Если «ХЛАМ» все-таки выпустит эссе, хочу посвятить его памяти поэтического телеграма — периферийному явлению в истории литературы, когда стихи выскакивали из руки-телефона, как кузнечики.
Автохонтология и поэтический щитпост в телеграме
Нарезает круги детвора
по Мёртвому Интернету
Поэтические телеграм-каналы: медиум, чей рассвет и закат совпадает до точки.
Уже в декабре 2024-го, выпуская статью «Сад расходящихся телеграм-каналов» (под именем Андрей Войтовский), я был уверен, что мессенджеру Дурова осталось максимум три года. В 2027-м тг-каналы отметят 12-летие (их ввели в 2015-м), хорошая нумерология, чтобы попрощаться с ними. Но пока этого не случилось, закатные краски буйствуют, змеятся фрактальные медиалианы.
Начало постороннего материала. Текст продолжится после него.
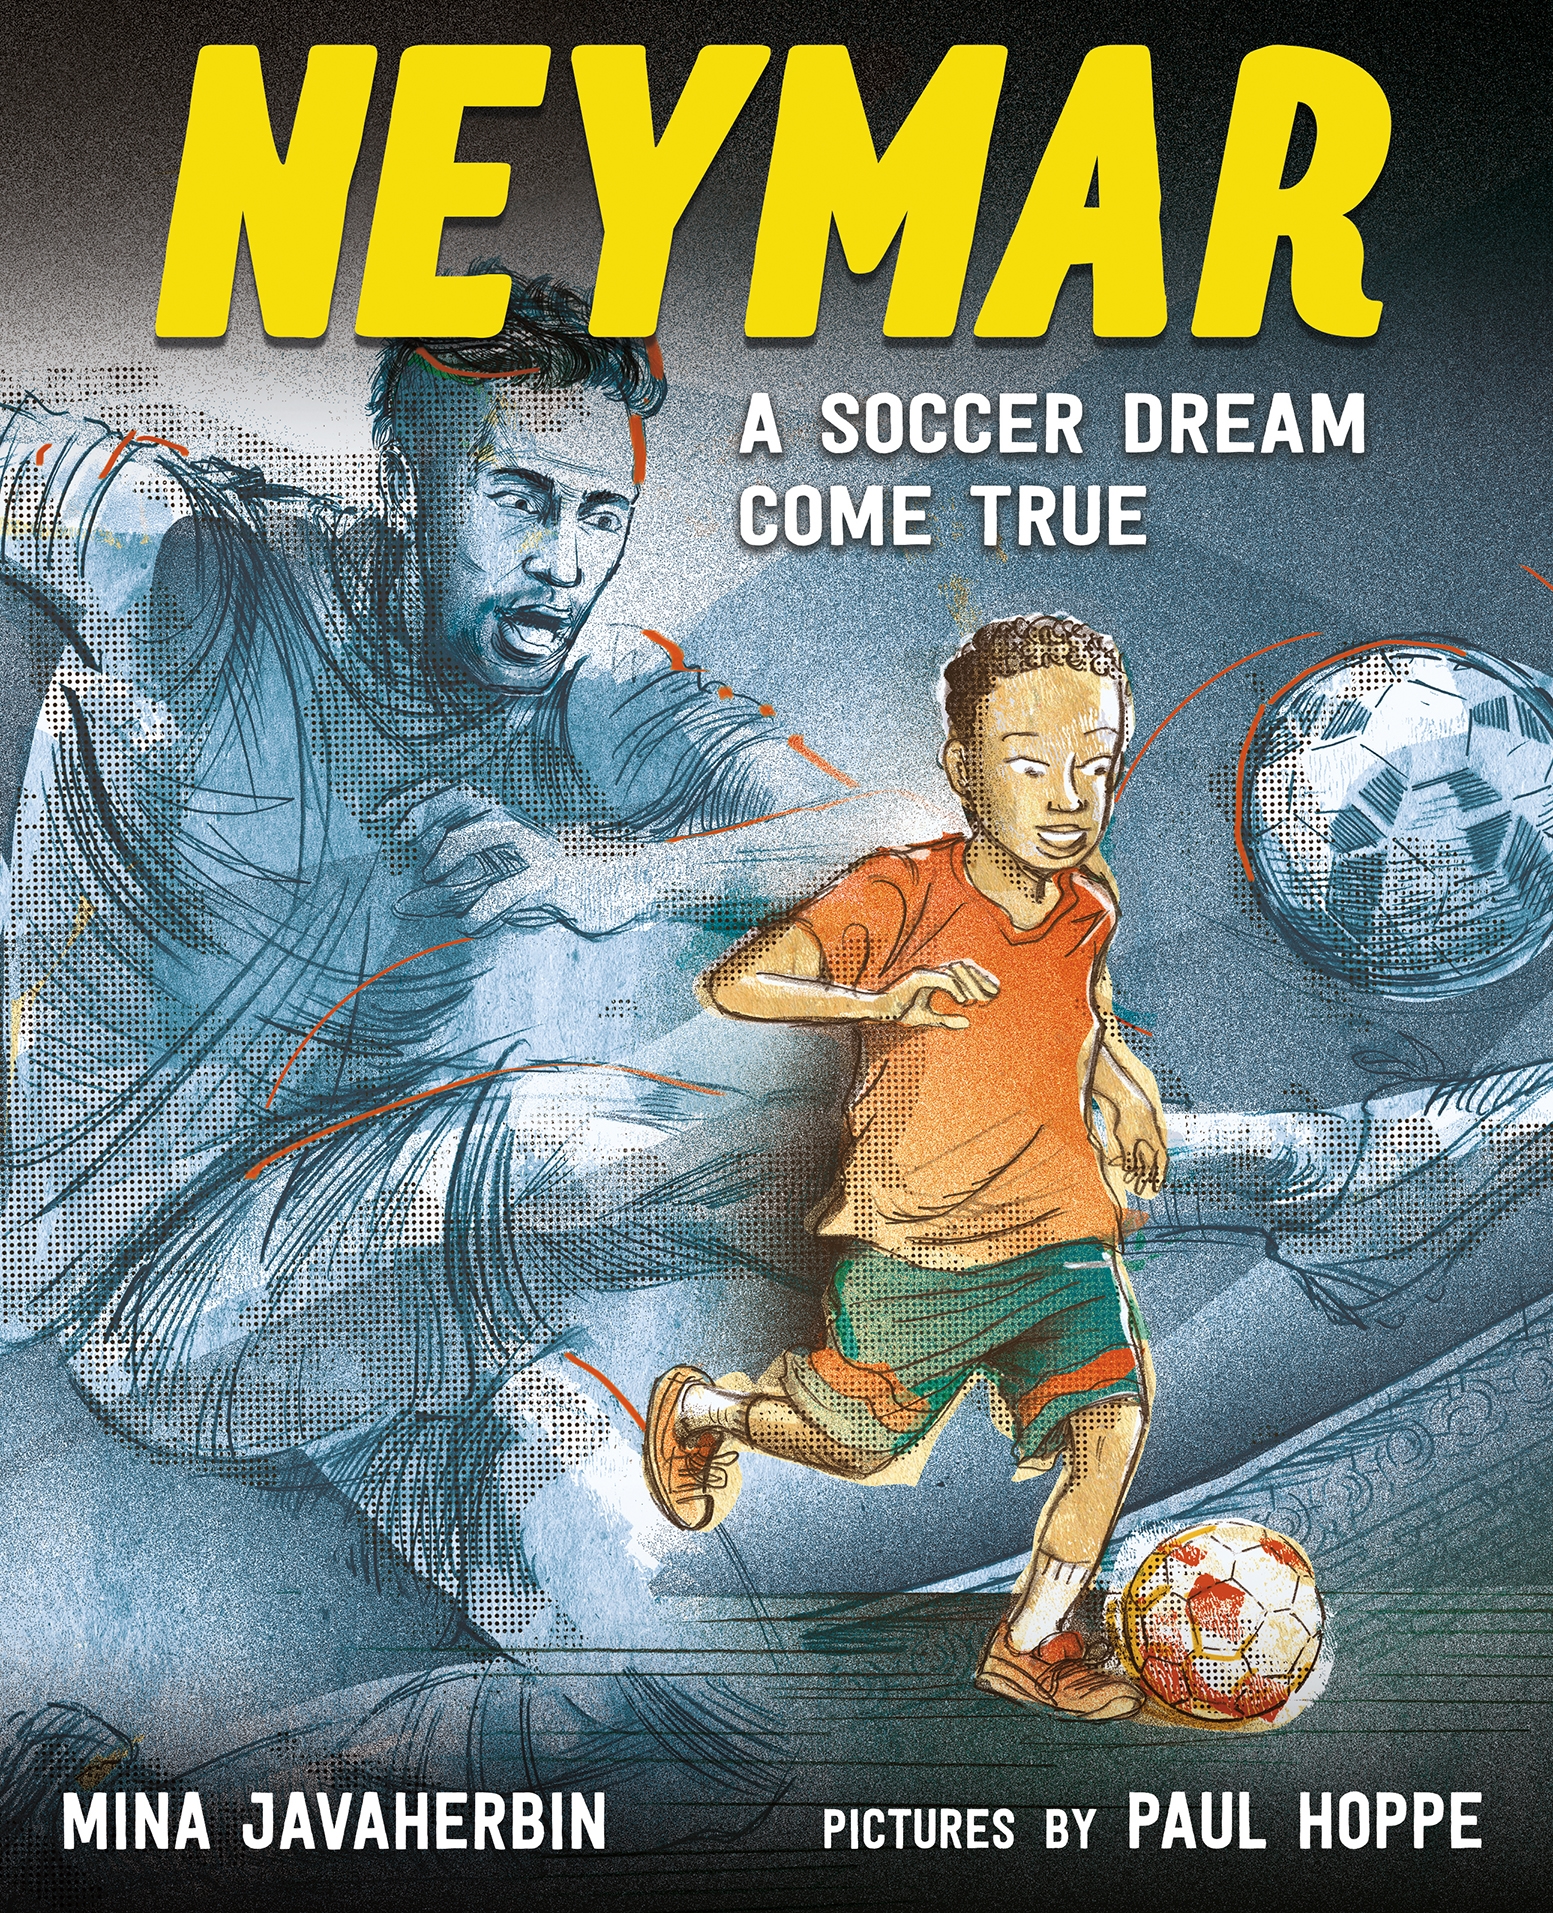 Sunday Story Time with Paul Hoppe (Illustrator of Neymar: A Soccer Dream Come True)
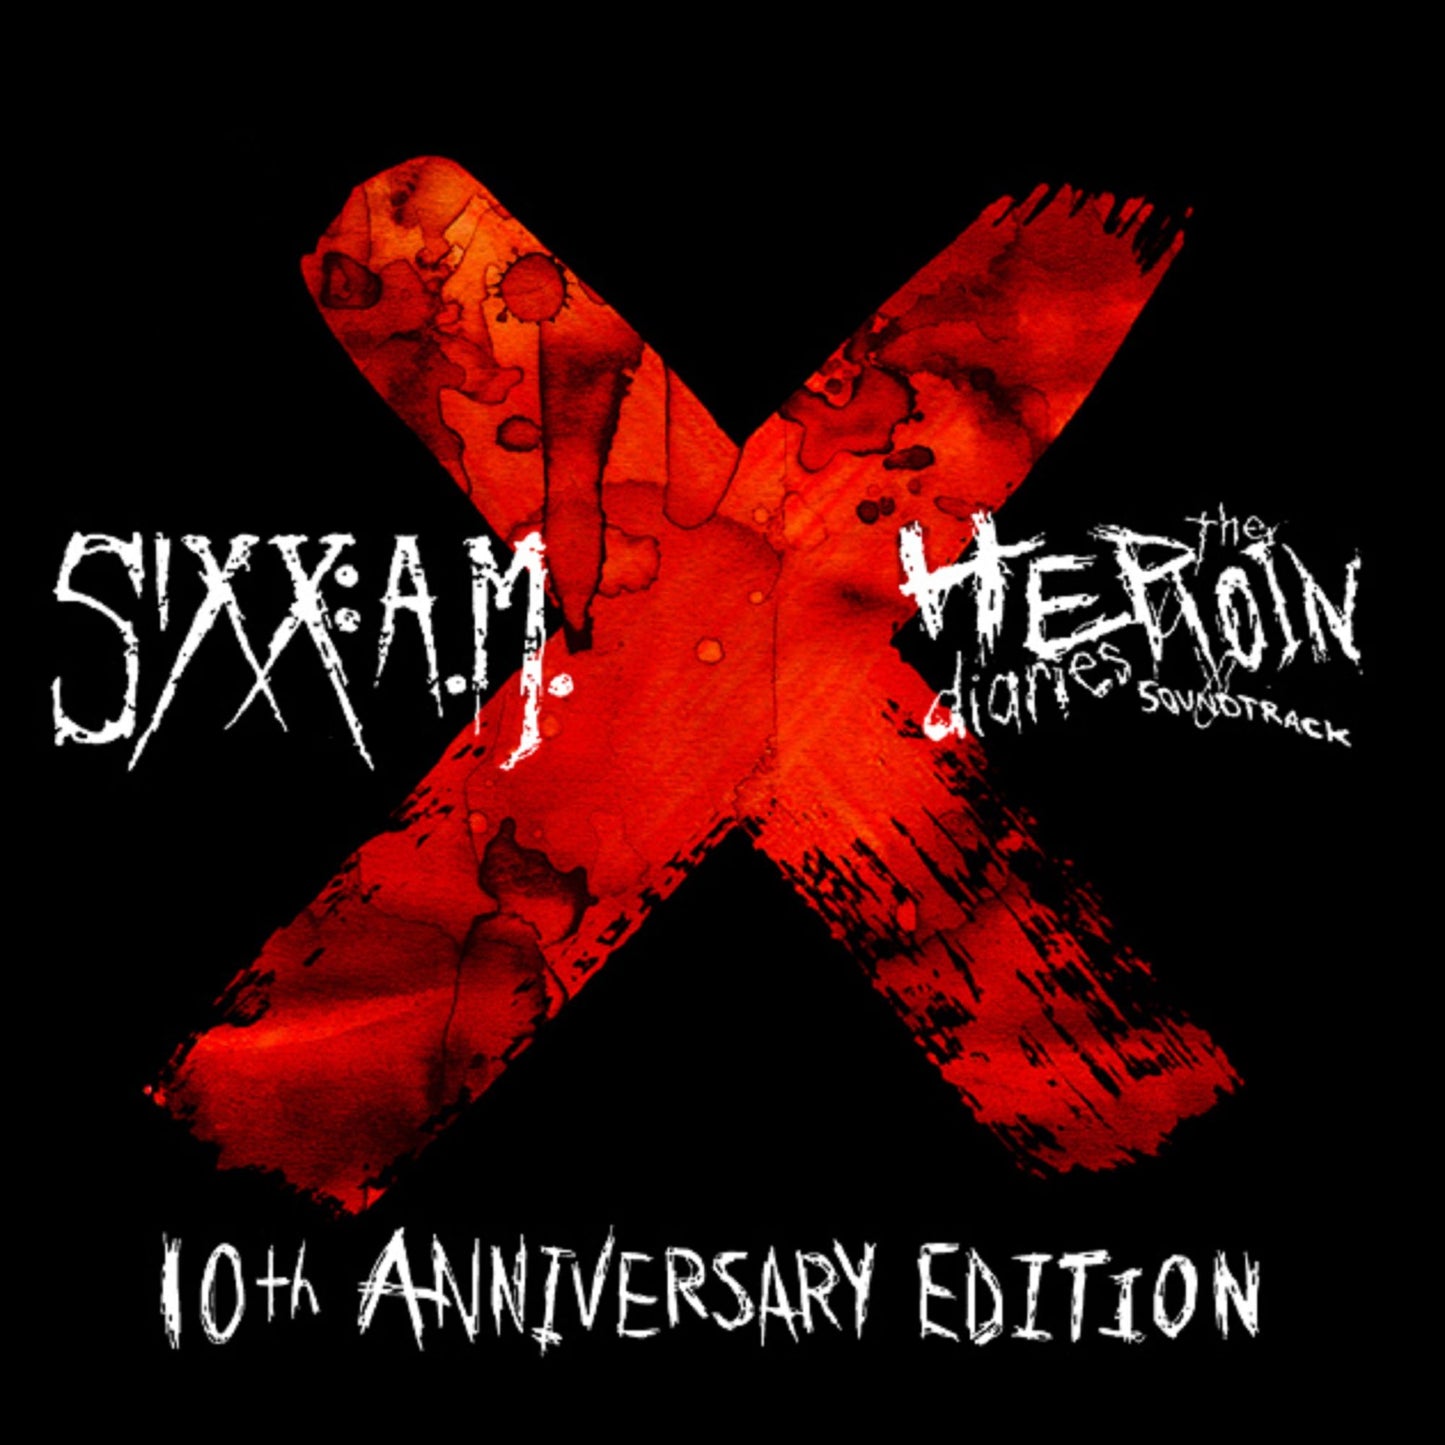 Sixx: A.M. - The Heroin Diaries Soundtrack - CD

Плоть и кровь поэтического телеграма — щитпост как воплощение скудного изобилия, депрессивного гедонизма присной памяти Марка Фишера. Новые медиастаханов:ки — автор:ки, заполняющие каналы внутренним монологом. Он может быть высокосветским, академическим, рассудительным, как у Полины Колозариди, а может — низовым, карнавальным, малярийным. Я смотрю на тебя, Варвара Недеогло, моя прекрасная одалиска-скандалистка, нелегальная мигрантка моих сновидений. София Амирова, Станислава Могилёва, Дарья Фоменко, Полина Музыка постят почти ежедневно, иногда в несколько каналов, превращая телегу в телеприсутственное место, кибермолебны у парадного подъезда интернета. Чем больше контента, тем больше усталость от контента, тем больше ощущение, что всё это уже было — тем ядовитее уколы псевдоностальгии.
воззвания
рвутся брэйнротом
и желчью в глаза
Моя статья про тг-поэзию была бледной тенью самой себя. В ходе (авто)хонтологизации две трети рассуждений я вырезал, посчитав либо слишком отвлеченными, либо потенциально оскорбительными. Вот один из призрачных абзацев, зависших в лично-публичном медиалимбе:
Впервые попадая в поэтический телеграм-канал, гипотетический внешний наблюдатель, привыкший к определенному аскетизму публичного образа поэток и поэтов, будет шокирован количеством информации, которая на него обрушится. Авторки и авторы, обращаясь, как правило, к друзьям (но при этом не делая каналы закрытыми, то есть допуская, что их могут прочитать незнакомцы), не только рассказывают о своем круге чтения, учебе, творческих активностях, но и делятся эротическими фотосессиями, трип-репортами, скриншотами из приложения, подсказывающего начало месячных, сравнивают УЗИ матки с лунными морями, рассказывают о том, как лечились в ашкелонских рехабах, боролись с анорексией, биполярным расстройством, прозопагнозией, селфхармом, отмечают годовщины прерванных беременностей, раскрывают детали о своих небинарных идентичностях — и все это под аудиовизуальный аккомпанемент мемов, стикеров, видео в кружках, перепостов новостей и большого трансмедийного карнавала.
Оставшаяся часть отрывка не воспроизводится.